Aside from the skills listed above, Restaurant Managers also need to possess strong business acumen, including an understanding of budgets and operating costs. College education is not usually required for the Manager position, most applicants qualify with a high school diploma and long-term work experience in the Food Services industry as a Cook, Server, or Counter Attendant, often spending years working under the direction of an experienced worker, learning the necessary skills before they are promoted to Manager positions. However, some receive training at a community college, technical or vocational school, or culinary school. A degree or diploma in Hotel Management, Restaurant Management, Hospitality Management, or Business Studies may boost the candidate’s chances of securing a position.
All Restaurant Managers must have a decent amount of relevant work experience before applying. They are usually required to have a minimum of 3 to 5 years of experience in a managerial position, as well as a demonstrated ability to motivate and lead others. Furthermore, extensive knowledge of restaurant operations, food and beverage, and an excellent understanding of the upscale dining industry is a must.

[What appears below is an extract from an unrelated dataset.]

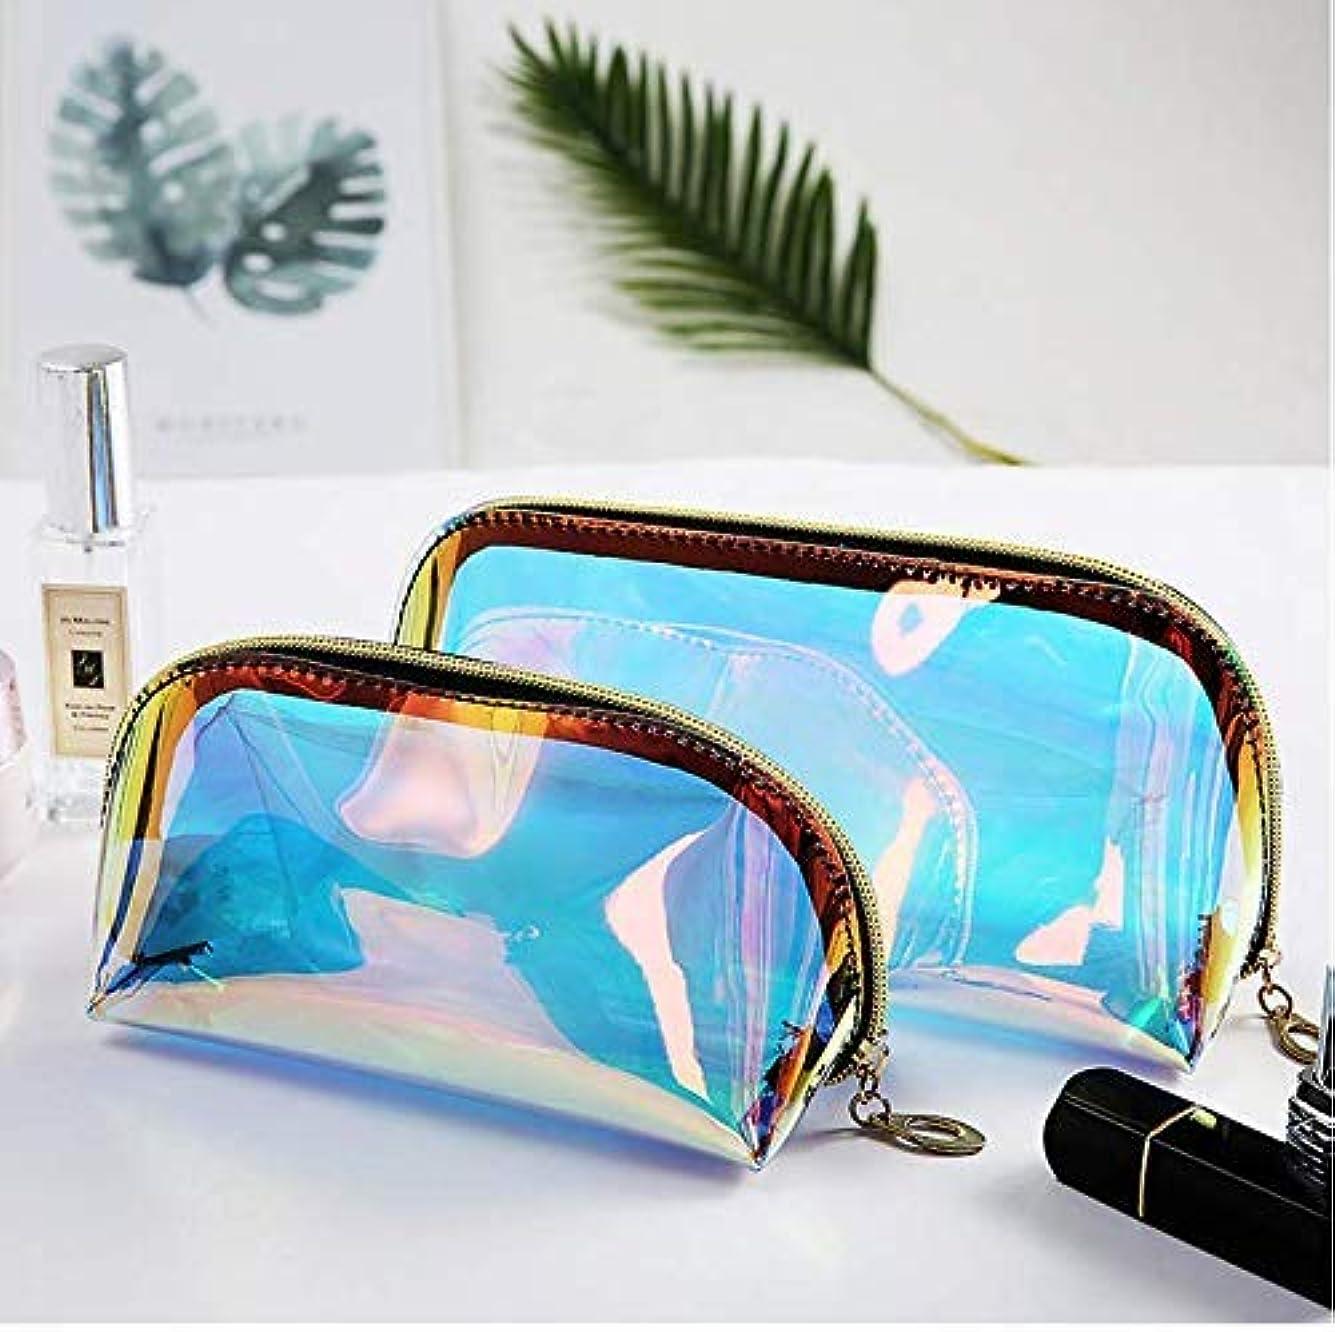 よろめく代数的スマッシュYiTongの2つのホログラフィックメイクアップバッグ虹色の化粧品ケースホログラムクラッチトイレタリーポーチハンディオーガナイザー透明な女性のイブニングバッグ(大小)

Many Restaurant Managers work long hours, and the job is often hectic. Dealing with unhappy customers can sometimes be stressful. They must be able to work flexible schedules, including weekends and holidays, as well as to stand and walk for an 8 to 12-hour long shift. A typical working day requires the Restaurant Manager to be available well in advance of the restaurant’s opening time and to stay long after it closes.